Healthy Jambalaya step by step

  1. Combine rice and chicken broth in sauce pan and bring to a boil. Stir once, then cover, reduce heat to low and simmer about 40 minutes (or about 10 minutes less than stated on the package directions). Tip: start the rice before chopping other ingredients..
  2. Heat oil in large pot or deep skillet over medium-high heat. Cook chicken and sausages until lightly browned, about 5 minutes..
  3. Stir in onion, green pepper, jalapeño, celery and garlic. Season with crushed red pepper, onion powder, and pepper. Cook until onion is translucent and tender, about 5 minutes..

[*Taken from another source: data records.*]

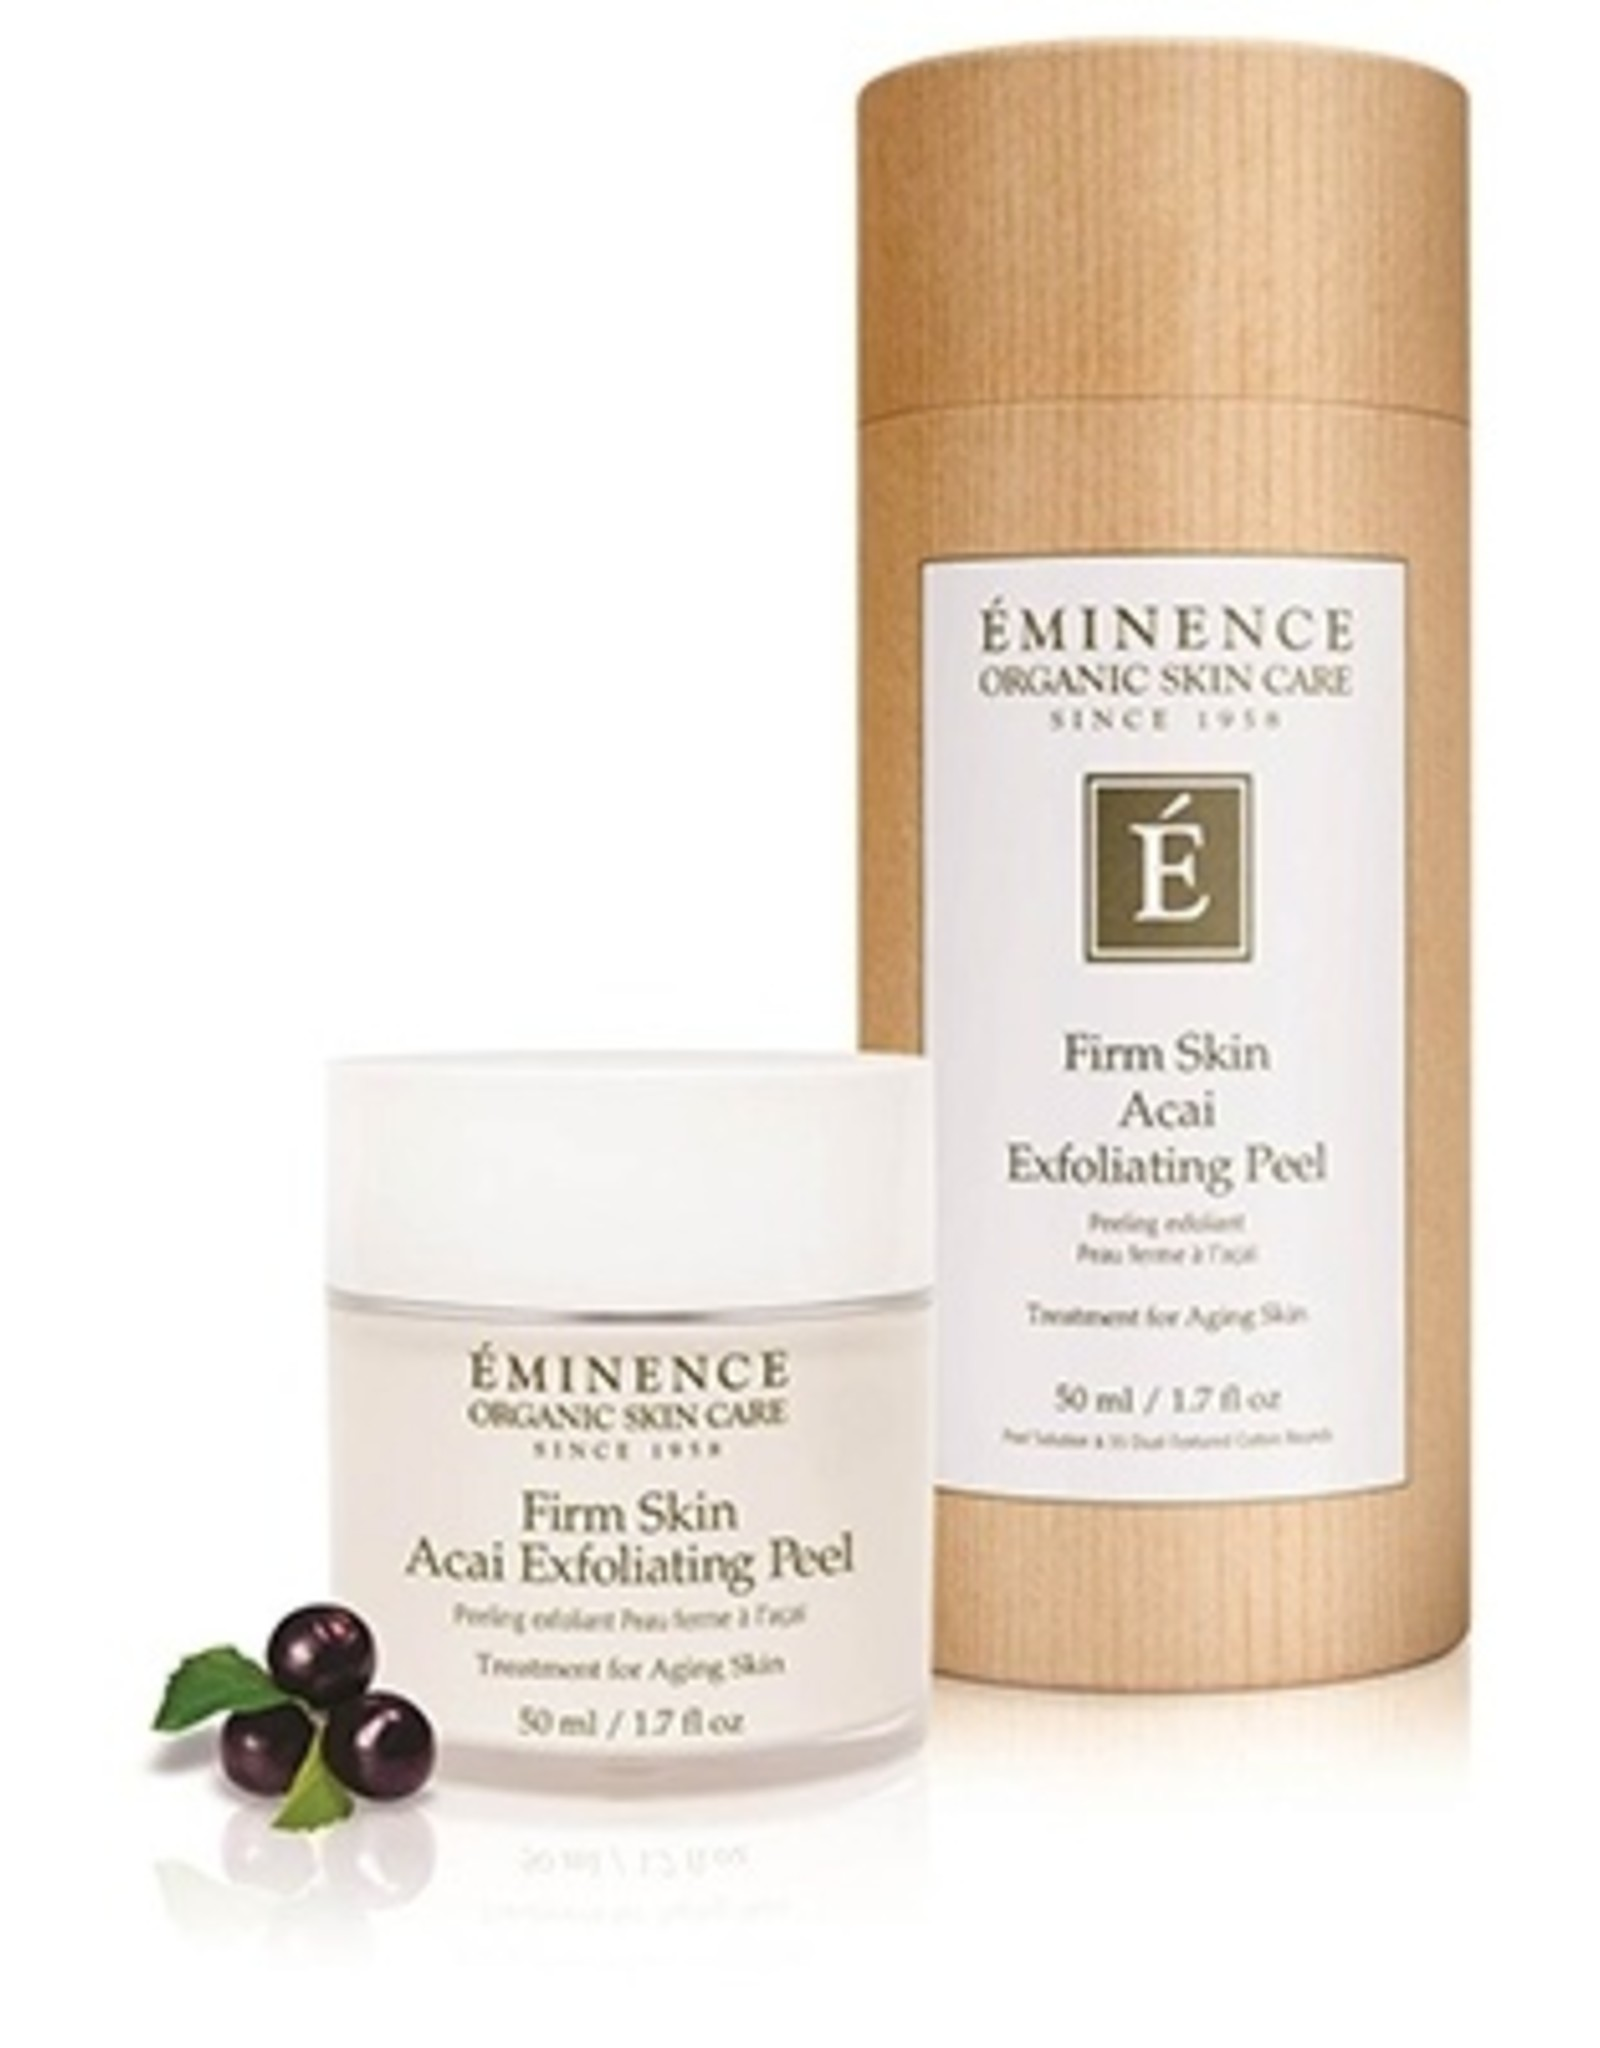 Eminence Organic Skin Care *Firm Skin Acai Exfoliating Peel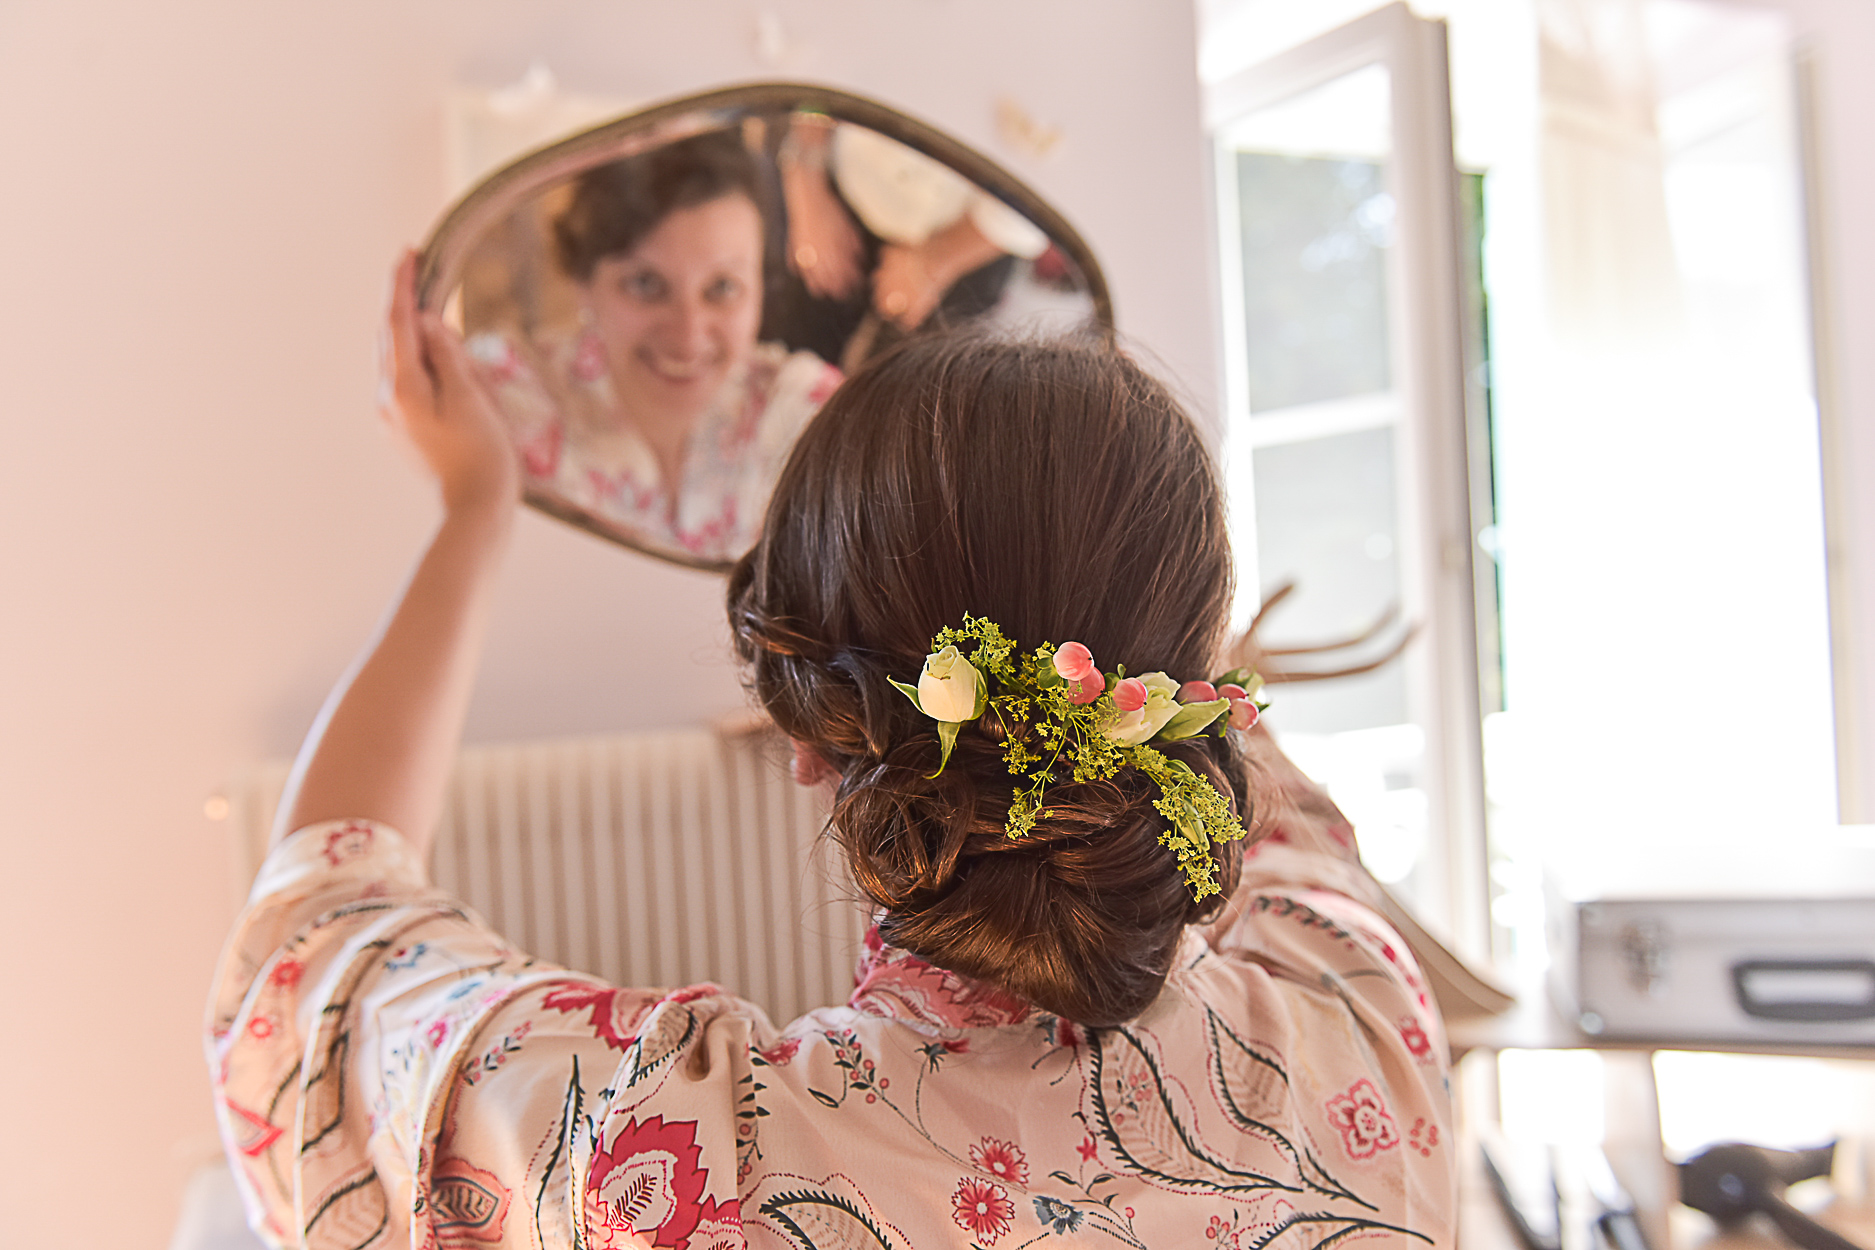 photographe-mariage-ile-de-france-preparatif-mariee-sonia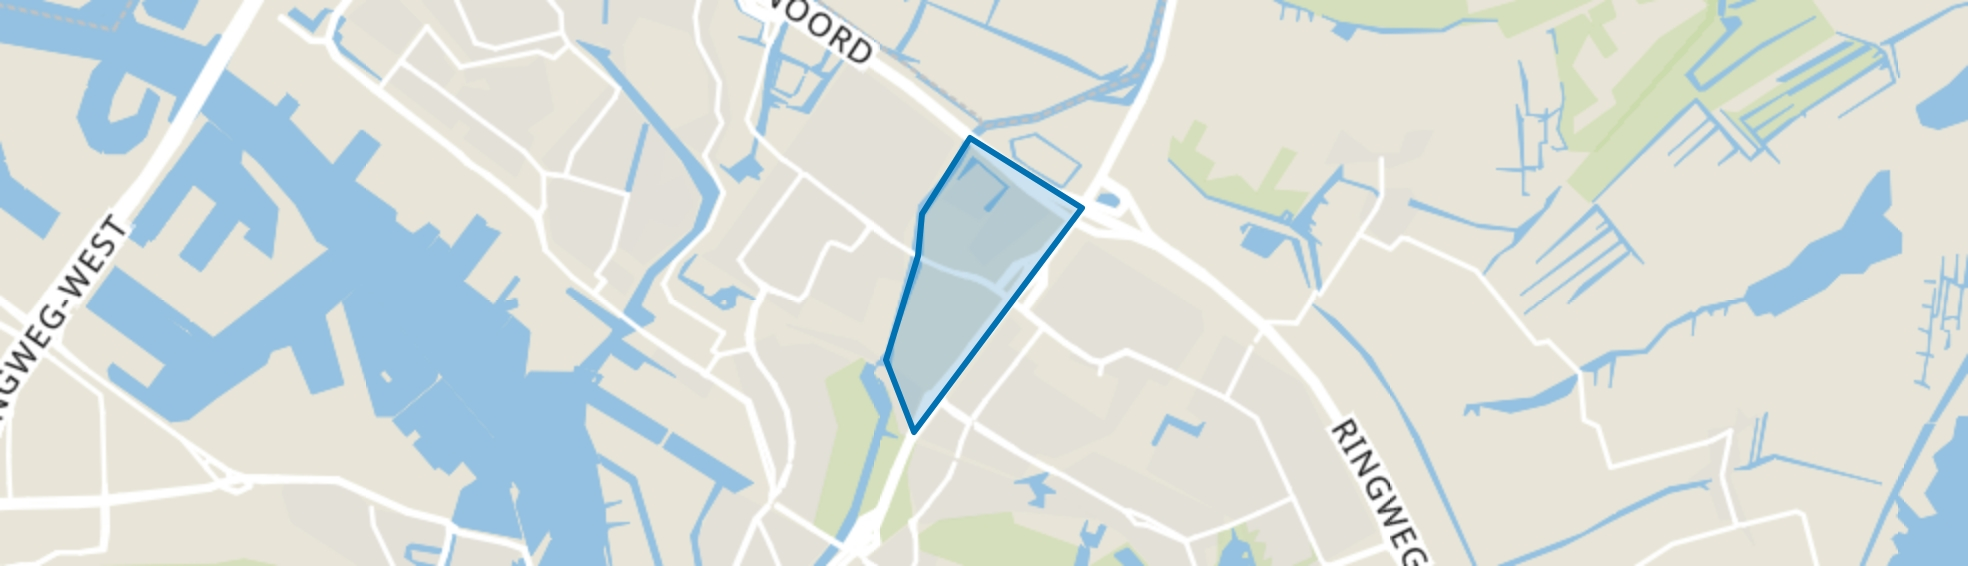 Elzenhagen, Amsterdam map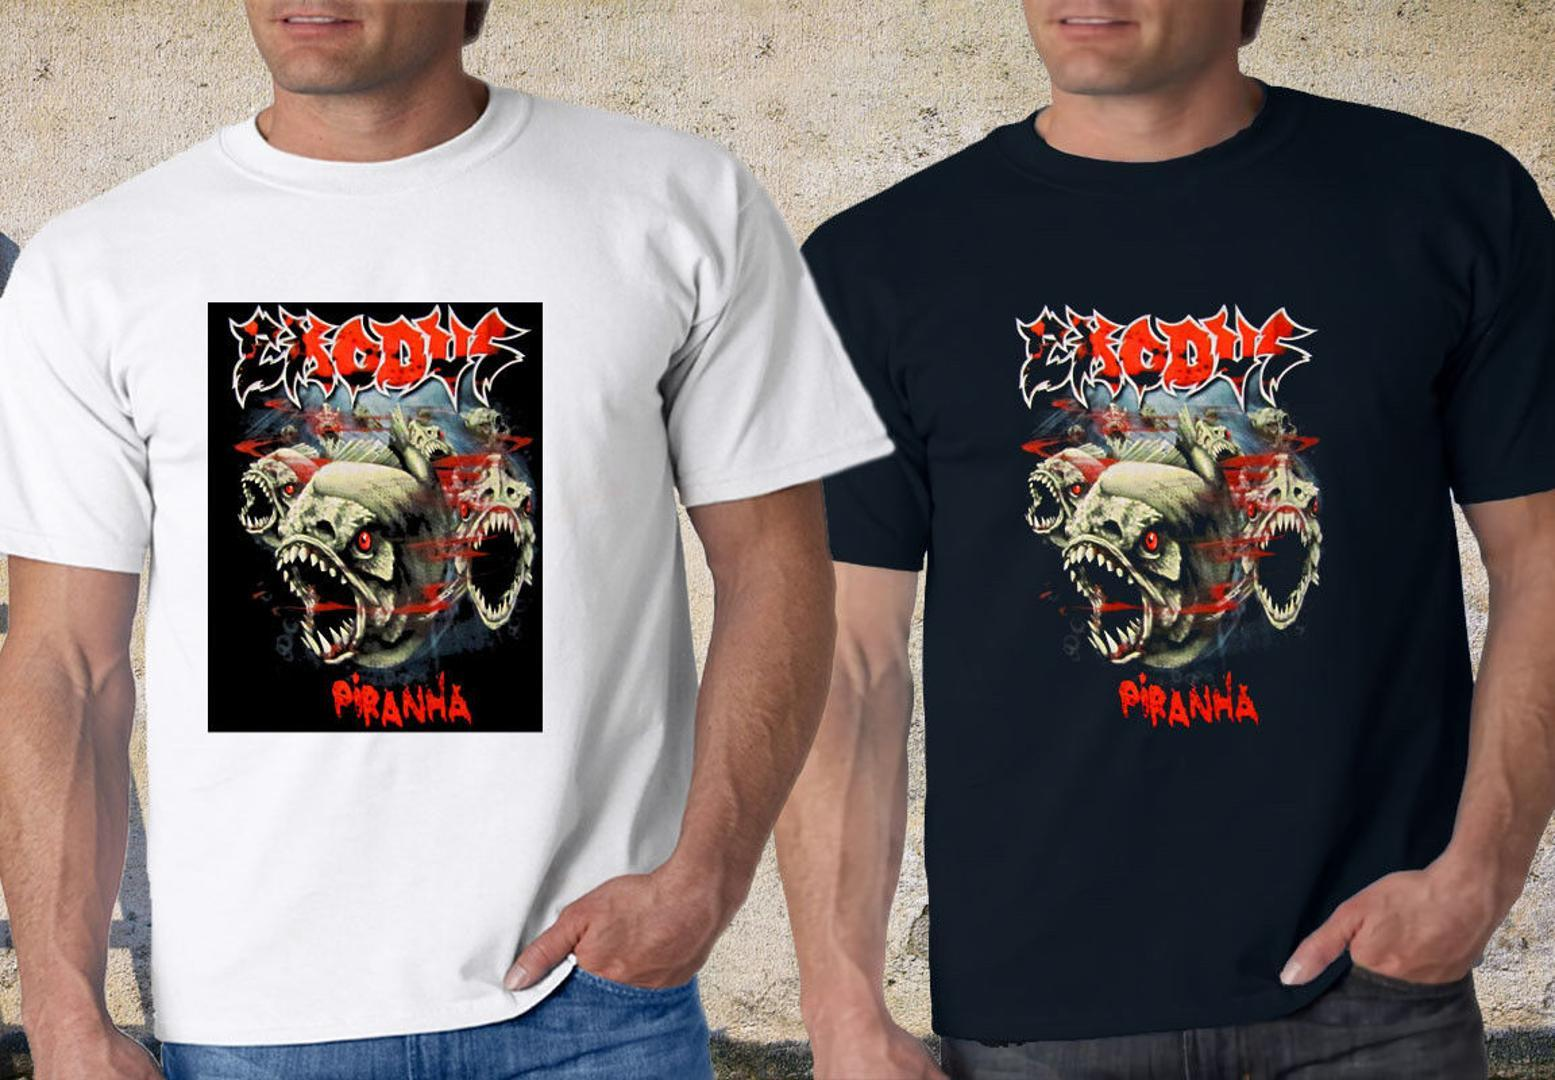 9dcc5cd632 EXODUS Bloody PIRANHA Men's Black & White T Shirt S-3XL custom design Tshirt  O-Neck Summer Personality Fashion Men T-Shirts

  4. Add partially cooked rice, water, and tomatoes. Stir, bring to a boil, then reduce heat, cover and simmer until rice is tender (about 10 minutes)..
  5. Stir in tobacco sauce and serve..

To lighten up jambalaya we are swapping rice with cauliflower rice, this reduces. Try this incredible recipe for healthy jambalaya, which features a variety of the best cancer fighting foods. Become a member, post a recipe and get free nutritional analysis Jambalaya. get the Food.com app. Watch on your iPhone, iPad, Apple TV, Android, Roku, or Fire TV. This Instant Pot Jambalaya uses chicken andouille sausage, chicken thighs, shrimp, and a homemade Cajun seasoning to give the traditional New Orleans favorite a healthy twist!